Here we introduce 2 VAEs proposed recently that can learn both continuous and discrete representations. The main references in this article are

  1. Neural Discrete Representation Learning

  2. Learning Disentangled Joint Continuous and Discrete Representations

  3. The basic theory of vector quantization

Disentangled Joint Continuous and Discrete Representation

A natural way to combine discrete and continuous latent variables is to impose the conditionally independent assumption,and the posterior and prior distributions become

\[q_{\phi}(\mathbf{z},\mathbf{c} \vert \mathbf{x}) = q_{\phi}(\mathbf{z}\vert \mathbf{x})q_{\phi}(\mathbf{c}\vert \mathbf{x})\\ p(\mathbf{z},\mathbf{c}) = p(\mathbf{z})p(\mathbf{c})\]

Under this assumption, the classical VAE objective

\[-E_{q_{\phi}(\mathbf{z},\mathbf{c} \vert \mathbf{x})}[\log p_{\theta}(\mathbf{x}\vert \mathbf{z},\mathbf{c})] + \mathcal{D}_{KL}[q_{\phi}(\mathbf{z},\mathbf{c} \vert \mathbf{x}) \Vert p(\mathbf{z},\mathbf{c})] \tag{1}\]

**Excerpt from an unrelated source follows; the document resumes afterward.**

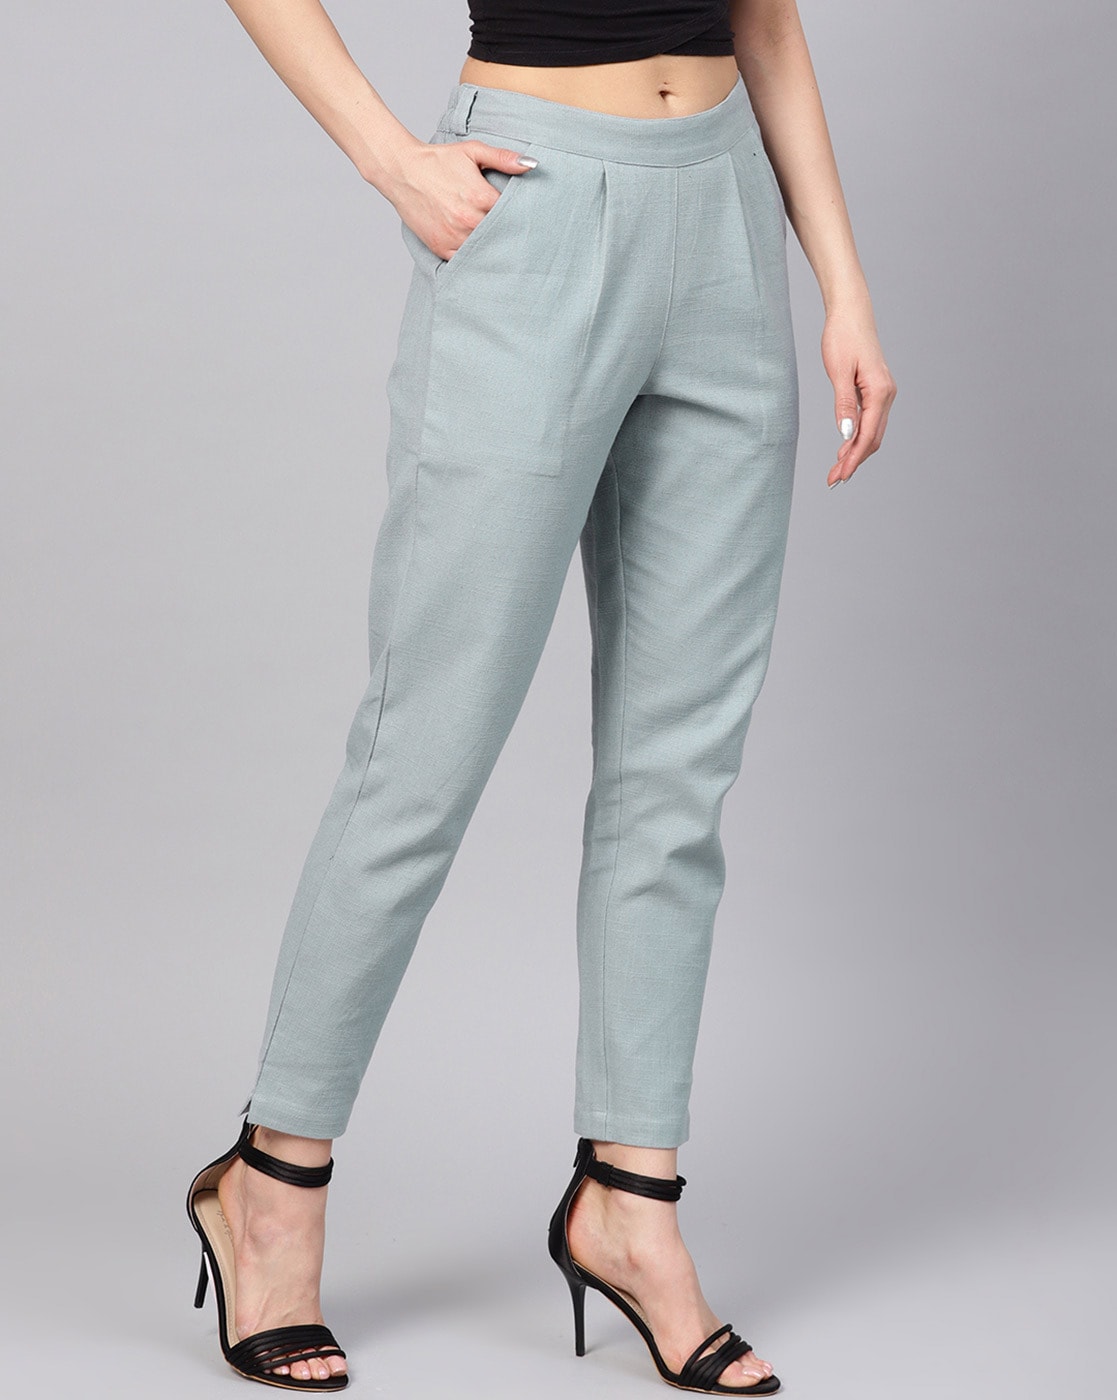 Buy VAN HEUSEN Grey Womens 4 Pocket Solid Formal Pants  Shoppers Stop

can be written as a separated form of $\mathbf{z},\mathbf{c}$, and the loss becomes

\[-E_{ q_{\phi}(\mathbf{z}\vert \mathbf{x})}E_{ q_{\phi}(\mathbf{c}\vert \mathbf{x})}[\log p_{\theta}(\mathbf{x}\vert \mathbf{z},\mathbf{c})] + \mathcal{D}_{KL}[q_{\phi}(\mathbf{z}\vert \mathbf{x}) \Vert p(\mathbf{z})]+\mathcal{D}_{KL}[q_{\phi}(\mathbf{c} \vert \mathbf{x}) \Vert p(\mathbf{c})] \tag{2}\]

Based on $(2)$, the paper mainly solves how to sample $\mathbf{c}$ from the discrete distribution $q_{\phi}(\mathbf{c}\vert \mathbf{x})$ and proposes a differentiable reparametrisation trick baed on the Gumbel Max trick. It also use information capacity method to provide an upper bound on the mutual information of

\[\mathcal{D}_{KL}[q_{\phi}(\mathbf{z},\mathbf{c} \vert \mathbf{x}) \Vert p(\mathbf{z},\mathbf{c})]\]

which is proved to be the key to successfully train model.

Differentiable Reparametrisation Trick for Discrete Distribution

We naturally view $\mathbf{c}$ as discrete multinomial variable with posterior class probabilities $q_{\phi}(\mathbf{c}\vert \mathbf{x})=(\alpha_1,\ldots,\alpha_n)$, then we can sample $\mathbf{y}=(y_1,\ldots,y_k)$ from $q_{\phi}(\mathbf{c}\vert \mathbf{x})$ by sampling a set of $g_k \sim \text{Gumbel}(0,1) i.i.d$ and applying the following transformation

\[y_k = \frac{\exp(\frac{\log \alpha_k + g_k}{\gamma})}{\sum_{i} \exp(\frac{\log \alpha_i + g_i}{\gamma})}\]

where $\gamma$ is a temperature parameter that controls the concentration level of the distribution. This transformation is inspired by latent variable formulation of the multinomial logit model, the model is

\[Pr(y=k) = \frac{\exp(\beta_k*x+\epsilon_k)}{\sum_{i}\exp(\beta_i*x+\epsilon_i)},\epsilon_i \sim \text{Gumbel}(0,1) \\ \log \alpha_i = \beta_i*x\]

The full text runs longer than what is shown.